As Matthew Leingang has discussed, finite dimensional real vector spaces are isomorphic to their dual spaces. But in order to have such an isomophism, we have to pick a basis for the vector space. The isomorphism requires something specific to this vector space in order to define it. But we don't require that to define this isomorphism $\phi$ of a vector space with its second dual. We can define just from the definition of "dual of a real vector space": $$\forall v \in V, f \in V^*, \phi(v)(f) := f(v)$$ That is why $\phi$ is "natural".
But note this weasel wording in the description above: "in the theory under study". This is why "natural" becomes a word of art, rather than of precision: most of the time, we don't bother to lay out the category that allows a precise definition of "natural". That is left to our audience to deduce. You see, a little tightening of the category under discussion will suddenly turn the unnatural into natural. In finite-dimensional linear algebra, $V$ is not naturally isomorphic to $V^*$. But in the theory of matrices, a column space is naturally isomorphic to a row space by transposing, even though the row space is natually isomorphic to the dual of the column space.
When someone calls something "natural", you have to figure out in what context they are speaking. And this is where "canonical" comes in. When we call something "canonical" when there is a familiar (and obvious) context where it is natural, but we are (usually) working in a broader context where it is not natural. For example, the canonical basis of $\Bbb R^n$ is natural when discussing matrices and column spaces - so natural we don't even mention it, even though it underlies practically everything we do. But if we are considering $\Bbb R^n$ as an example of a vector space, then it is not natural, but is defined by non-vector-space properties of $\Bbb R^n$. So we use "canonical" to describe it instead.
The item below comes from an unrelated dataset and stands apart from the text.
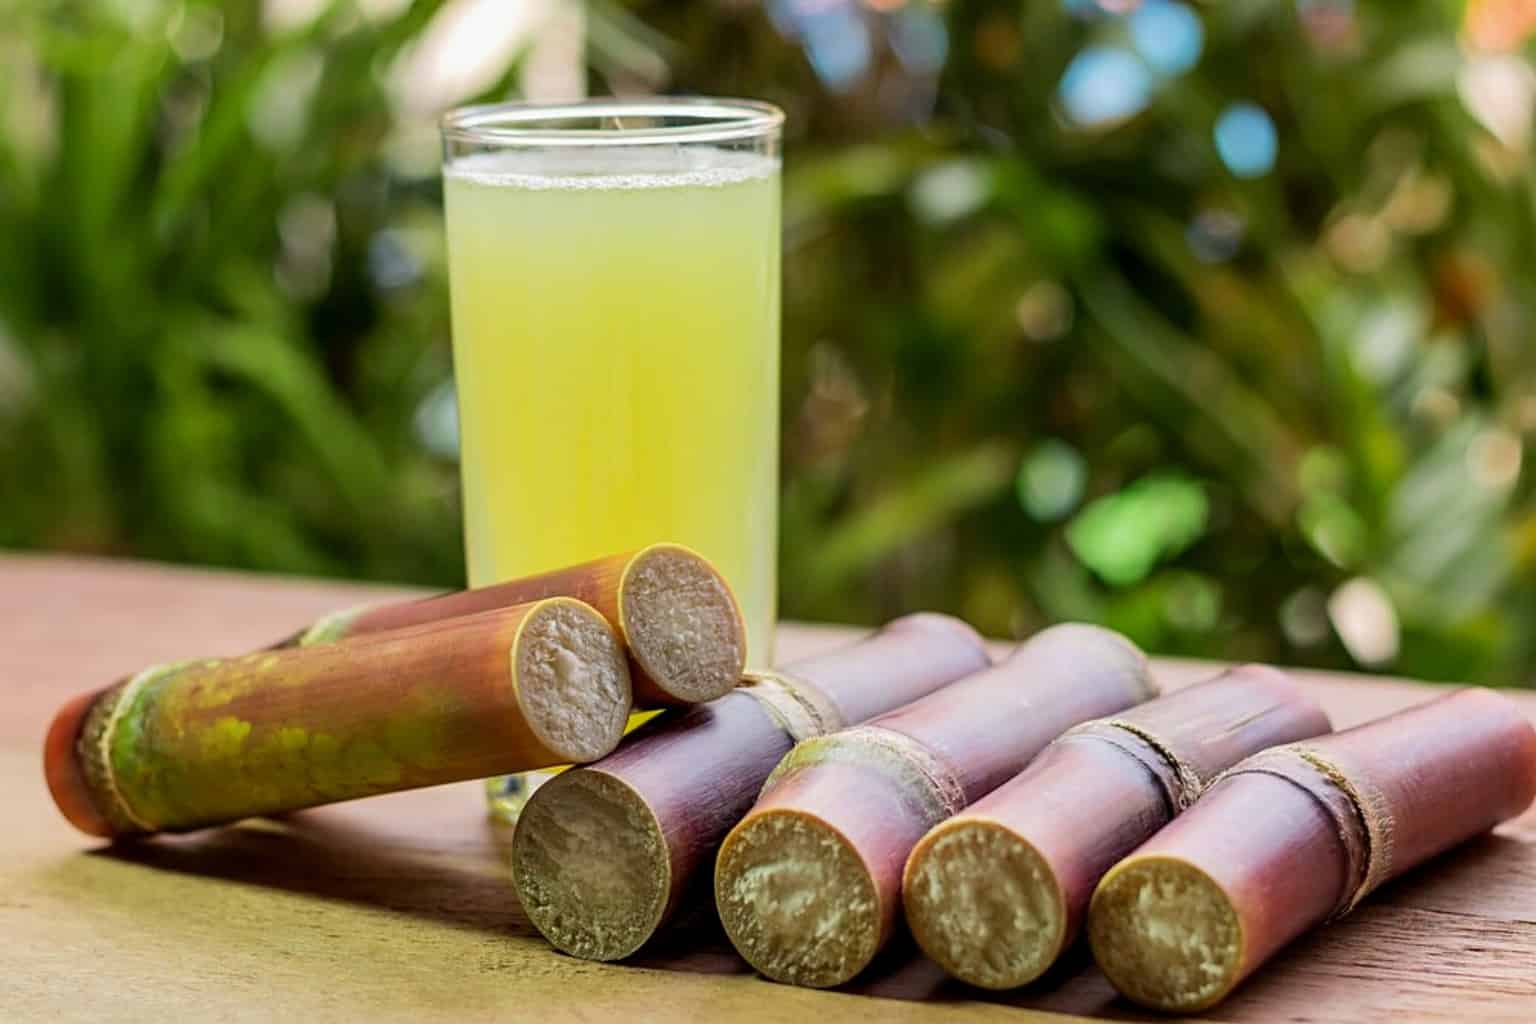 Sugarcane Juice - Nutrition, Recipes, and Benefits Including Weight Loss

Great question. Canonical is more a term of art than a word with a strict mathematical definition. It's sometimes used as a synonym for “natural” or “obvious,” although natural is yet another idiom and obvious is in the eye of the beholder. You might think of it as meaning independent of any choices.
It sounds like you're in an abstract algebra class now, but hopefully this linear algebra example will make sense. Let $V$ be a vector space over $\mathbb{R}$ of dimension $n$. By choosing a basis $(v_1,\dots,v_n)$, $V$ is isomorphic to $\mathbb{R}^n$. What is the isomorphism? It takes $v\in V$, decomposes it into $\alpha_1 v_1 + \dots + \alpha_n v_n$, and assigns to $v$ the $n$-tuple $(\alpha_1,\dots,\alpha_n)$.
Through the isomorphism to $\mathbb{R}^n$, all vector spaces of the same dimension are isomorphic to each other, but not for any good reason, and not in any natural way. The isomorphism depends on the choice of basis.
Let $V^*$ be the dual space to $V$, that is, the vector space of linear functions $V \to \mathbb{R}$. Once you choose a basis of $(v_1,\dots,v_n)$, you can form a dual basis $(\lambda_1,\dots,\lambda_n)$ of $V^*$, such that $\lambda_i(v_j) = \delta_{ij}$. So $V$ and $V^*$ are isomorphic, but not canonically so.
Now let $V^{**}$ be the dual space of $V^*$. Elements of $V^{**}$ are linear functions from $V^*$ to $\mathbb{R}$. One way to create such a map is to select $v \in V$ and send $\lambda \in V^*$ to $\lambda(v)$. This association extends to a linear map $$ f \colon V \to V^{**},\ f(v)(\lambda) = \lambda(v) $$ By a dimension count, this map has to be an isomorphism. And, we didn't have to choose a basis to create it. For this reason, we say that $V$ and $V^{**}$ are canonically isomorphic.